In what his campaign calls an "aggressive statewide ad campaign," Mississippi House Minority Leader David Baria, D-Bay St. Louis, announced a five-figure television ad buy for his U.S. Senate campaign Wednesday.
In the 30-second ad, which is set to begin airing on local stations across Mississippi on a date to be announced, Baria seeks to make it clear that his campaign is against the incumbent Republican senator—not the president.

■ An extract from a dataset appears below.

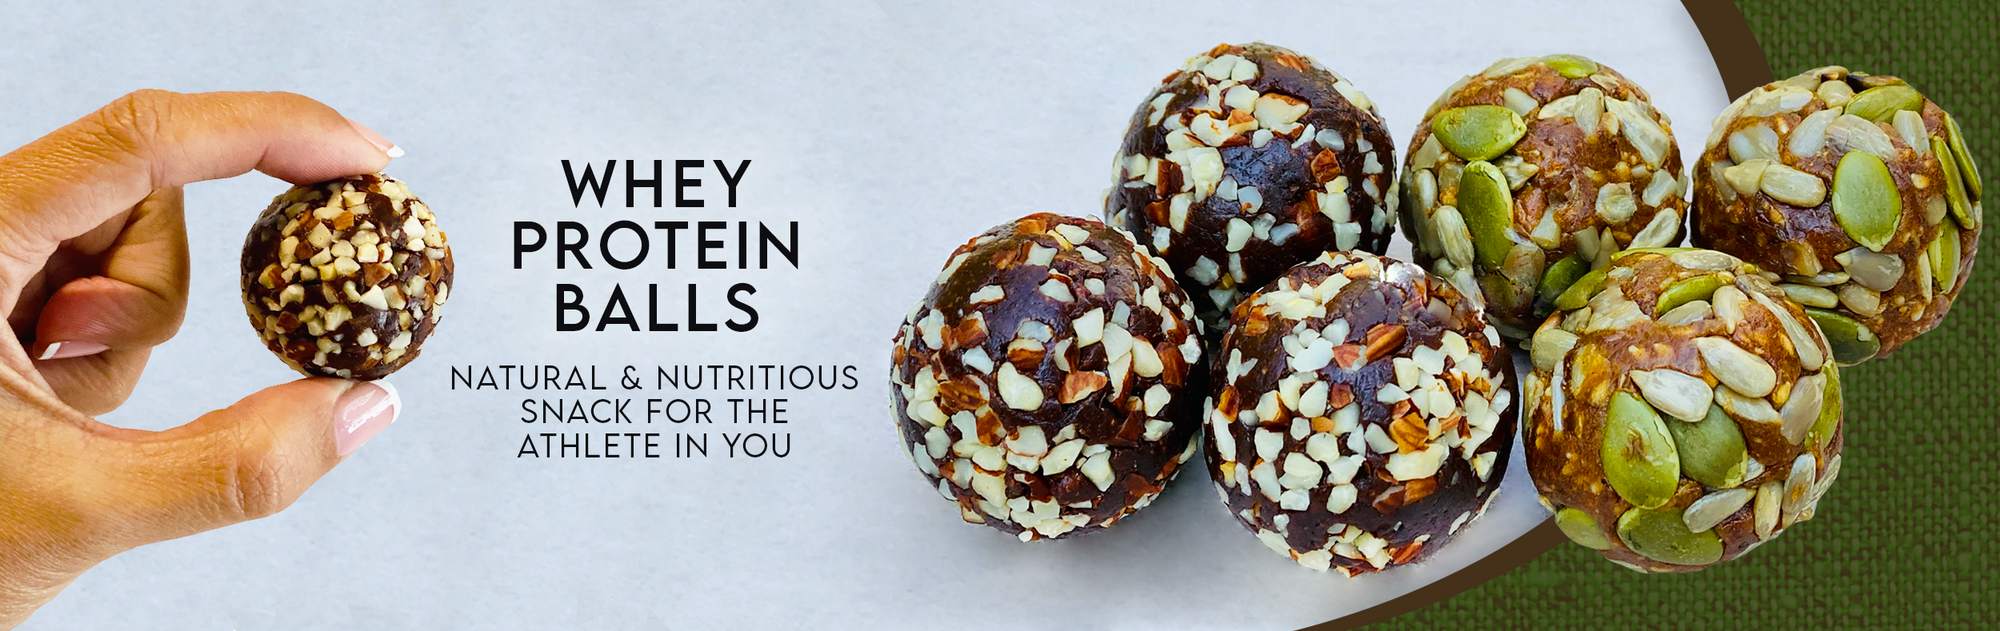 Whey Protein Balls - Natural & Nutricious Snack for the Athlete in you

"I'm running for the Senate against Roger Wicker, not Donald Trump," Baria says, standing in a room of supporters. "I'll support the president when he's helping our state, like rebuilding our crumbling infrastructure, but I'll oppose the president if he's hurting Mississippi, like starting a trade war that's costing our shipyards and farmers."
Earlier this year, Trump implemented tariffs on Chinese aluminum and steel. China hit back with tariffs on American agricultural products like soybeans, the third-largest agricultural commodity in Mississippi behind poultry and forestry.
"Mississippi farmers don't deserve the damage caused by tariffs, and taxpayers shouldn't have to foot the bill," Baria said in a statement in July.
In an interview with the Daily Journal in September, Wicker said he was "very concerned" about the tariffs, but that Mississippi farmers are willing to give Trump some leeway.
A Washington Post analysis found that farmers across the country, particularly in the Midwest, could face harm from NAFTA renegotiations, as buyers look to other nations to purchase products like soybeans.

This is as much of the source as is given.